A Chinese Ghost Story II () is a 1990 Hong Kong romantic comedy-horror film directed by Ching Siu-tung and produced by Tsui Hark. It is the sequel to A Chinese Ghost Story and is followed by A Chinese Ghost Story III.

Plot
Following the events of the first film, Ning (Leslie Cheung) parts ways with the Taoist Yin (Wu Ma) and returns to his home village, which has since fallen on desperate times. Fleeing from cannibals, Ning winds up being imprisoned. Sharing a cell with Elder Chu, a renowned scholar, Ning spends apparent months languishing in prison. On the day of Ning's execution, the scholar reveals that he has dug out an escape tunnel. He gives Ning one of his books and a pendant, and sends Ning through the tunnel.
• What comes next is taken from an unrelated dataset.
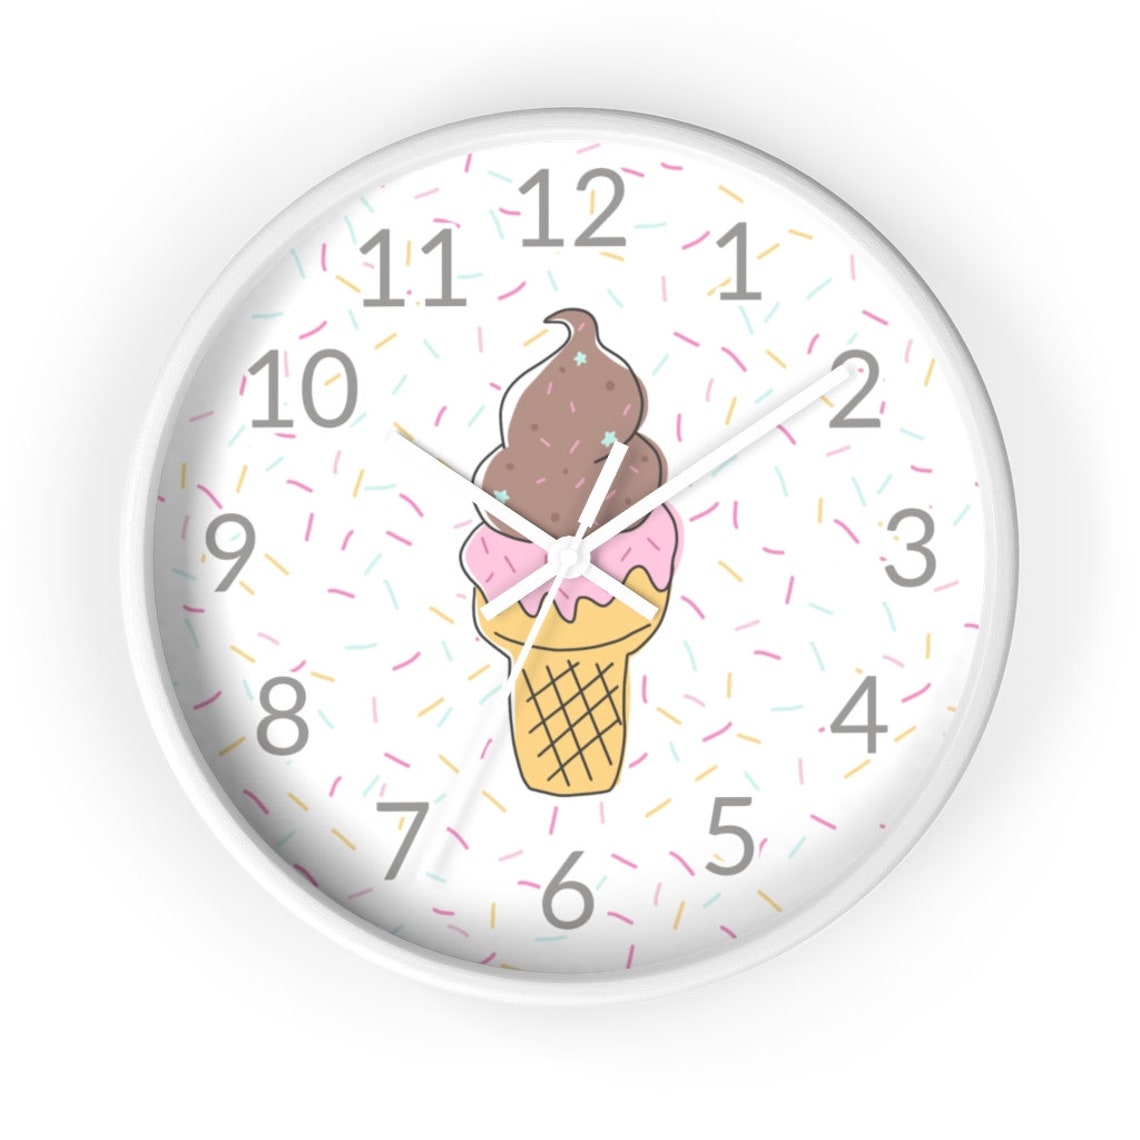 Ice cream clock Sprinkled ice cream themed nursery Kids Wall | Etsy

Ning obliviously steals the horse of Autumn (Jacky Cheung), a Taoist sectarian. When Ning stops for the night in an abandoned villa, Autumn catches up and the two sort out the misunderstanding. But in the middle of the night, rebel soldiers attack the two visitors. After a short skirmish, the rebel sisters Windy (Joey Wong) and Moon (Michelle Reis) discover Elder Chu's pendant. While Ning mistakes Windy for his love Siu Sin, whom she resembles, the rebels mistake Ning for the Elder Chu.

The sisters explain that their father, Lord Fu (Lau Siu-Ming), was framed for a crime and is now being transported to the place of his execution. The rebels' mission is to free him. They set off and leave Ning and Autumn at the villa. The next night, the two discover that the villa actually is haunted by a demon. Autumn manages to injure it, but it flees. He gives pursuit, but without success. He emerges at daybreak on a dirt road, causing an altercation with an imperial convoy led by Hu (Waise Lee). Hu and Autumn battle to a stalemate, and then go their separate ways. Unbeknownst to Autumn, the convoy is the one carrying the sisters' father.
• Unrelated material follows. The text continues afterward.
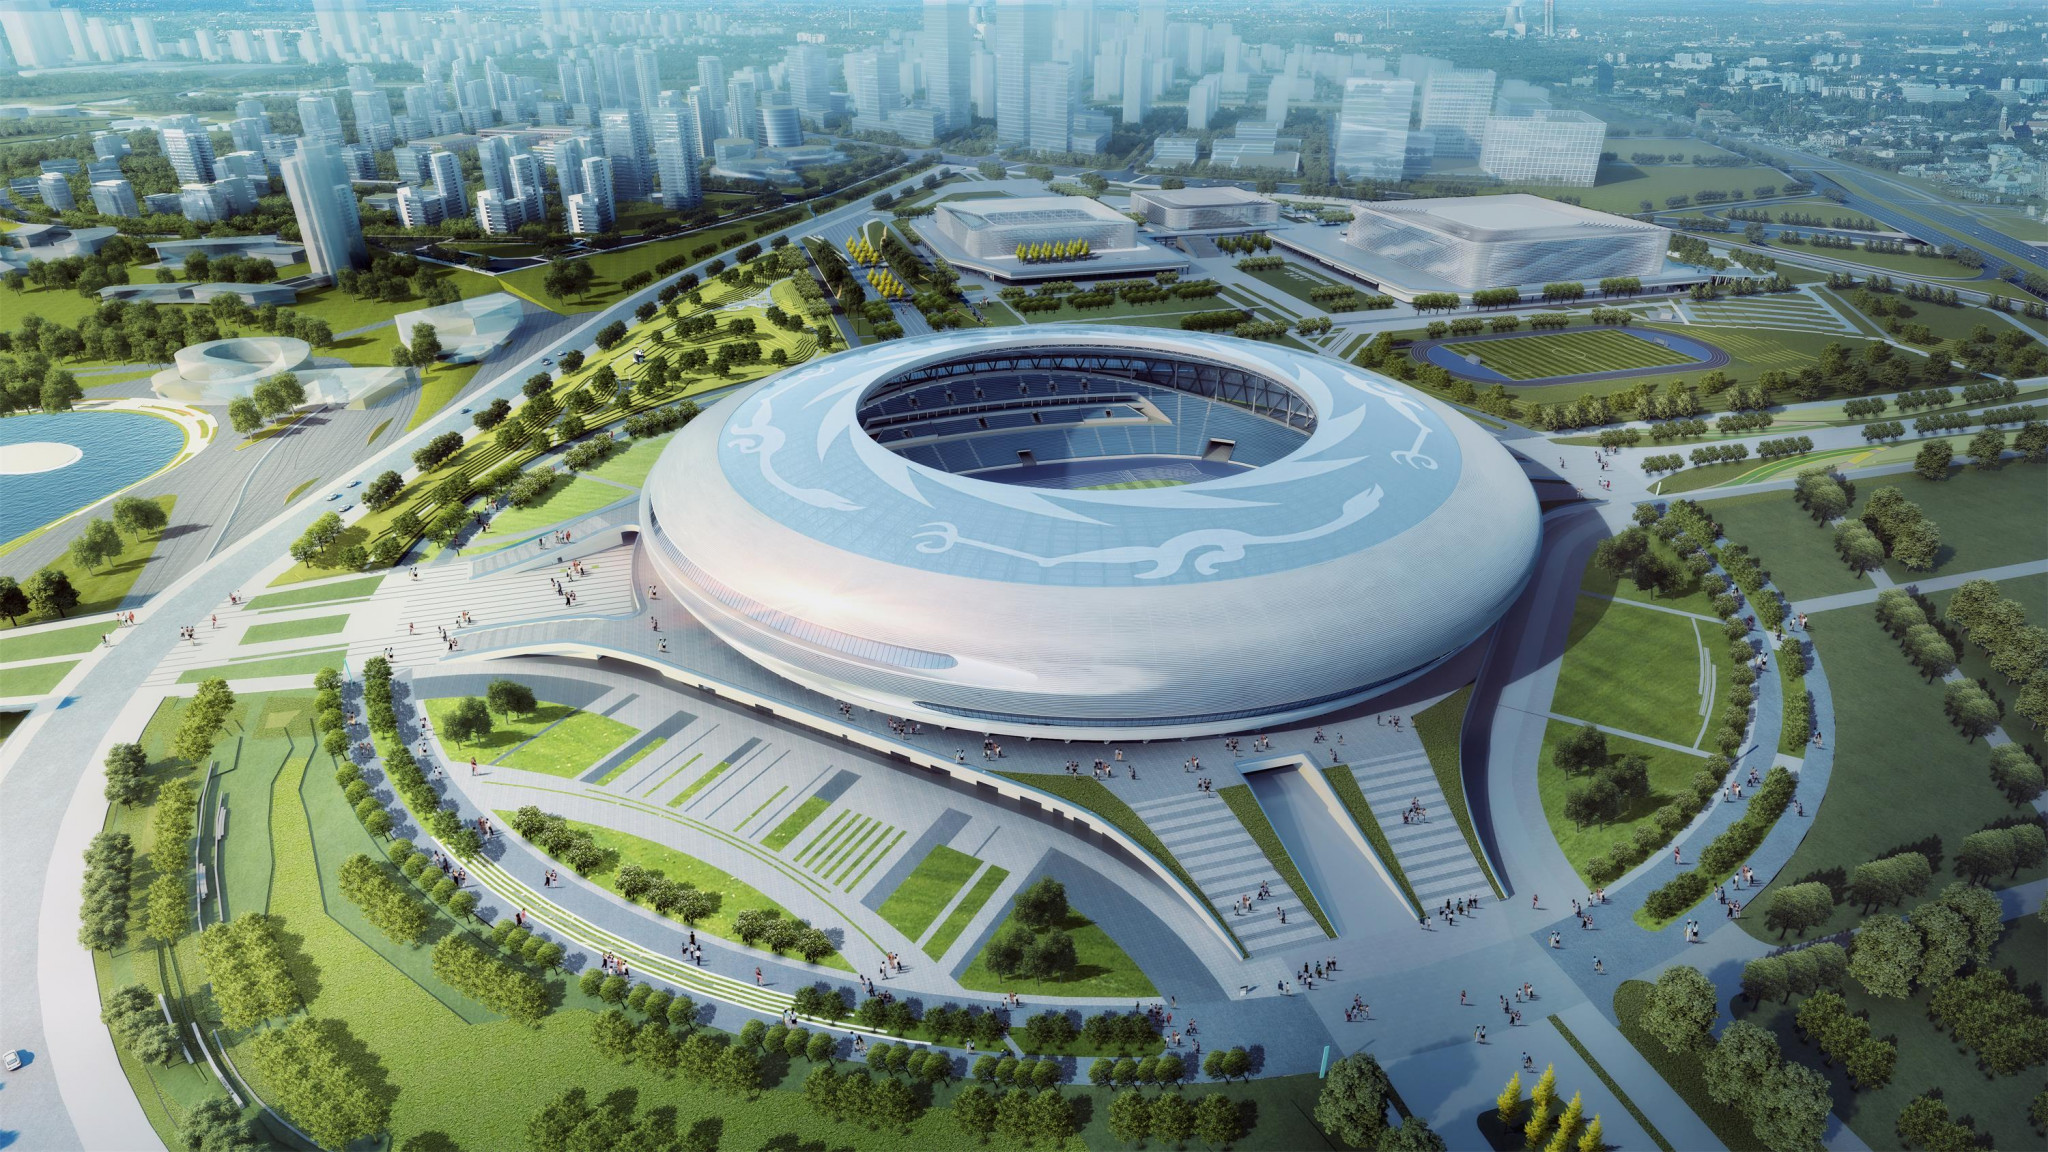 Chengdu is set to host the 2021 Summer World University Games ©Chengdu 2021

Having failed to catch the convoy earlier, the rebels return to the haunted villa, waiting to ambush the convoy there. As the convoy enters, however, the demon returns as well. Maneuvering Hu into fighting the demon, the rebels are able to rescue the sisters' father. Before long, however, the Imperial High Monk arrives with his entourage. He incapacitates the rebels with a spell, which Autumn recognizes as an evil chant. Ning and Windy escape to seek the help of Yin, while Lord Fu, Autumn and Moon are captured by the monk.
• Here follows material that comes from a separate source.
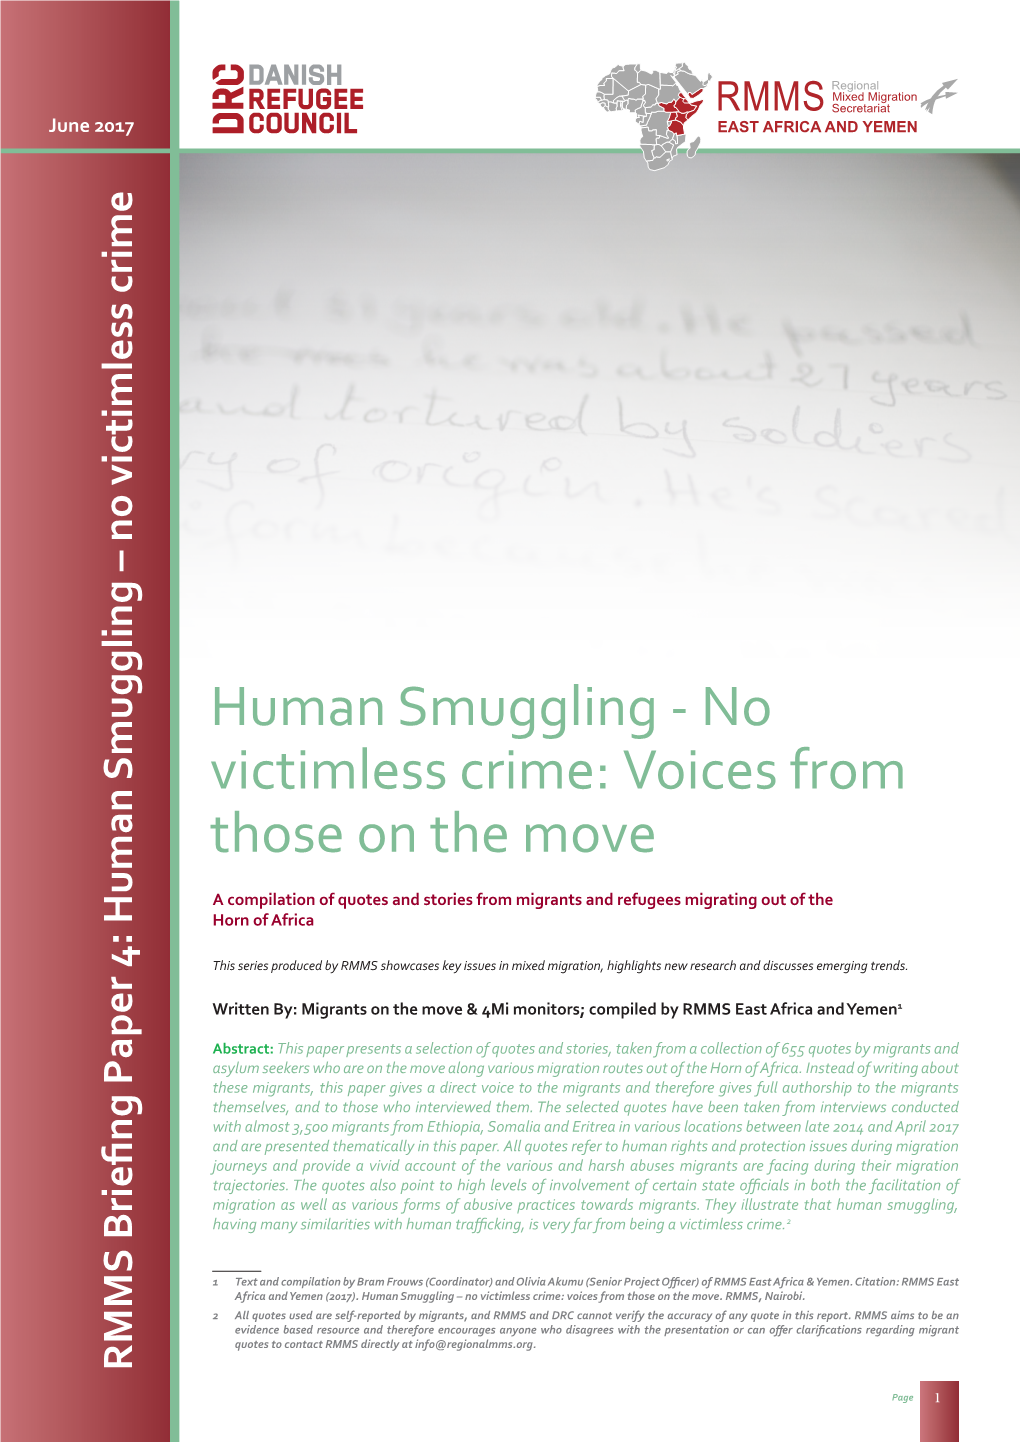 Human Smuggling

The captives are brought back to the High Monk's palace. Now suspicious, Hu enters the palace only to find the hollow corpses of the entire royal court inside. Recognizing that the monk is in reality a demon, Hu frees the captives and fights valiantly by himself to allow them time to recover. Lacking spiritual magic, however, Hu is not able to overcome the demon and is destroyed. Just then, Yin and the others arrive. The demon is forced to reveal its true form, a gigantic thousand-year-old centipede. Yin and Autumn are swallowed by the creature, and they separate their souls from their bodies in order to destroy it from the inside. Autumn, however, is not able to return to his body, and his soul floats away.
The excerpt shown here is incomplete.